I broke away from mom and rounded the corner just after the two shots were fired."Get him away!" Dad yelled again. That pistol waving me away. Was I next? What if I dug holes in the yard? Would he shoot me, too?
All I could do is run, screaming and crying. I didn't know whether to run away, or just run. I couldn't get the sight of my limp dog out of my head. Just a few moments before he was alive and so extremely happy to see me as we returned home from our vacation.
I ran in circles. I couldn't be consoled. I couldn't be touched. I ran, and I ran. I didn't have anywhere to run to. But running was the only thing I could think to do. I could only run in circles, and when I was blocked one way, I would go the other. Then I would double back and run straight past them. The sight of it all was just way too much overload for my six or seven year-old brain to comprehend and process. To this day, I'm not even sure exactly how old I was when it happened. Mom says I was "about six."
I didn't know what dad did with my dog. I saw the blood on his hand, but by the time I stopped running, it was as if everyone denied that it happened at all. They denied it! Damn them! I wasn't nuts! I know what I saw. I know it was real. I had a dog just a little while ago, and now he is gone. Killed. Shot in the head.
"Please, please, please don't bring this up again," mom pleaded with me. "It will just make him more angry at both of us. Please don't cry anymore. Please. Please don't cry....shhhhh, it'll be okay. Shhhhhh, be quiet now. Please, please be still."
And so that's how our family vacation ended that summer. Dad had other dogs, all them trained hunting dogs. At times, over a dozen. It was his hobby to raise dogs and go hunting. He humored me by allowing me to have what he referred to as a worthless dog that wasn't trained, whose only purpose was to spoil me. He hated that dog from the moment he brought him home. But he was being big-hearted, he concluded. My dog was yappy and lively and when he got nervous, he dug holes. He couldn't stand being put on a 50 foot chain. It just wasn't enough for him. He begged for freedom with every incessant bark. He was just like me.
The next morning I got out of bed and all I can remember was asking what dad did with my dog.
"I don't know," mom said, "but please don't ask him about it. Just let it go. Go outside and play. Okay?"
Play?
Play with what—the nightmares of what just happened? All I could do is avoid dad. Just stay the hell away from him.
And so I consistently avoided him at all costs. I rarely talked to him even when he demanded that I have a conversation with him. But it was all set up as I was born, this elaborate, terrible war zone.
Mom learned early after I was born that I could be her shield. When she had me in her arms, dad was less likely to attack. He despised me because of it. We were divided into two camps. Dad and my younger brother, and mom and I. Mom pushed my brother on to dad so he wouldn't keep coming after her.
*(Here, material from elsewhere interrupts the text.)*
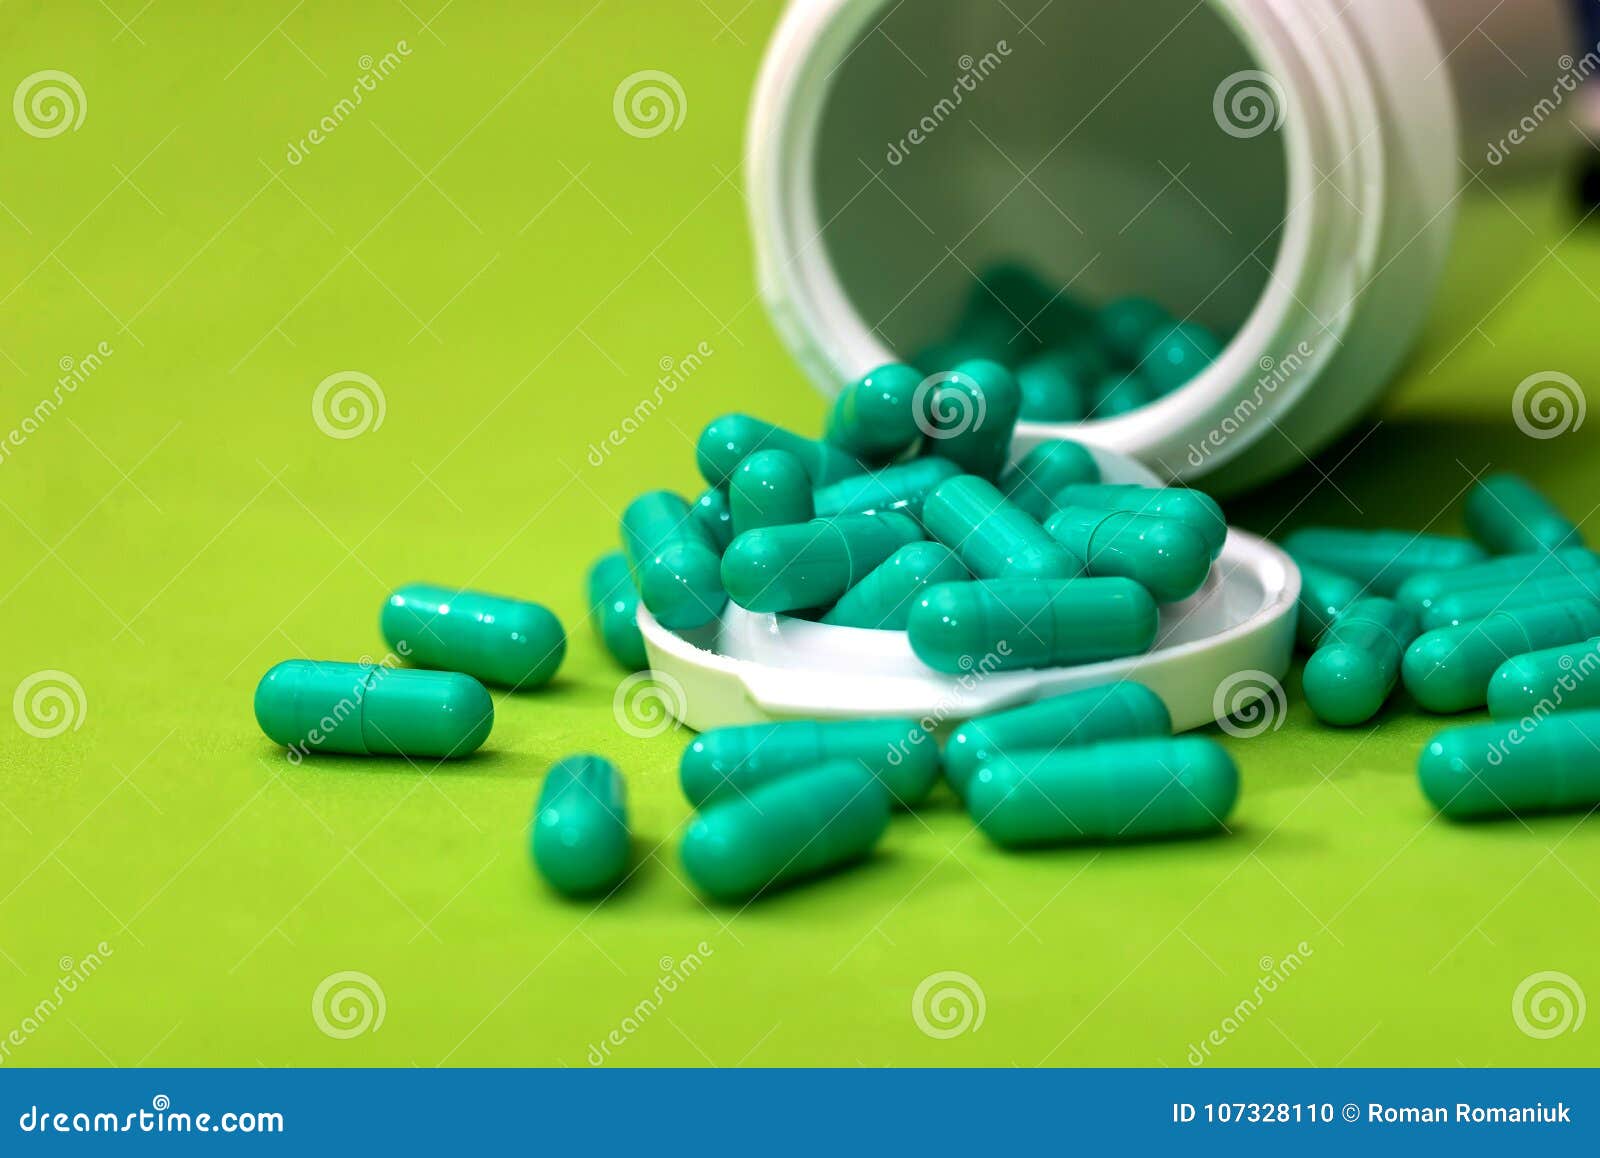 Зеленые антибиотики. Зеленые капсулы. Таблетки в зеленой оболочке. Обезболивающие зеленые капсулы. Таблетки зеленого цвета.

A distraction. The boy he really wanted. I was the whipping post. I was the one who caused every problem in their marriage. I was what stood between him and his wife. And I heard about it until I was nearly 20 years old.
Once I was in the bathtub with my brother. We were very young. Maybe four and five years old. Dad came in to pee. He glared at me with disgust. "Stand up," he demanded.
I looked away.
"Stand up, I said."
I took the wash cloth and covered myself. I didn't stand.
He grabbed me by the shoulders and yanked me up out of the water.
"You skinny little fart. When are you going to put some meat on those bones? When?!!"
I looked down and wanted to cry, but couldn't. I was afraid he would hit me.
I never felt like I was a male growing up, and well into my adult-hood. I felt like an "it." My brother was the male, not me. It made us enemies for nearly 40 years.
Anger. So very, very much anger and even more rage. It's all I knew from dad as I grew up. What made him so angry? I learned as I grew older. It was gruesome and incredibly tragic. It was guilt for having lived when his younger brother didn't. It was about his mother too consumed with her own depression and grief to help the son who actually did survive. It was deep anger at the God who allowed all this to happen. It was the terrible guilt of feeling that way, and then trying to make up for it by becoming overly religious. He had to prove himself to this God he secretly hated. And dad became my iron-fisted, abusive god. God was right no matter what. If there was a God, dad was the model.
By the time I was 10 years old, I wanted to die. I was not liked in school. I was a loner. I would make friends and something would happen and I would melt down, or freak out, and that would end it. I always responded in my six-year-old maturity. I was emotionally frozen. I didn't know how to move forward. There wasn't a way to let go of what happened.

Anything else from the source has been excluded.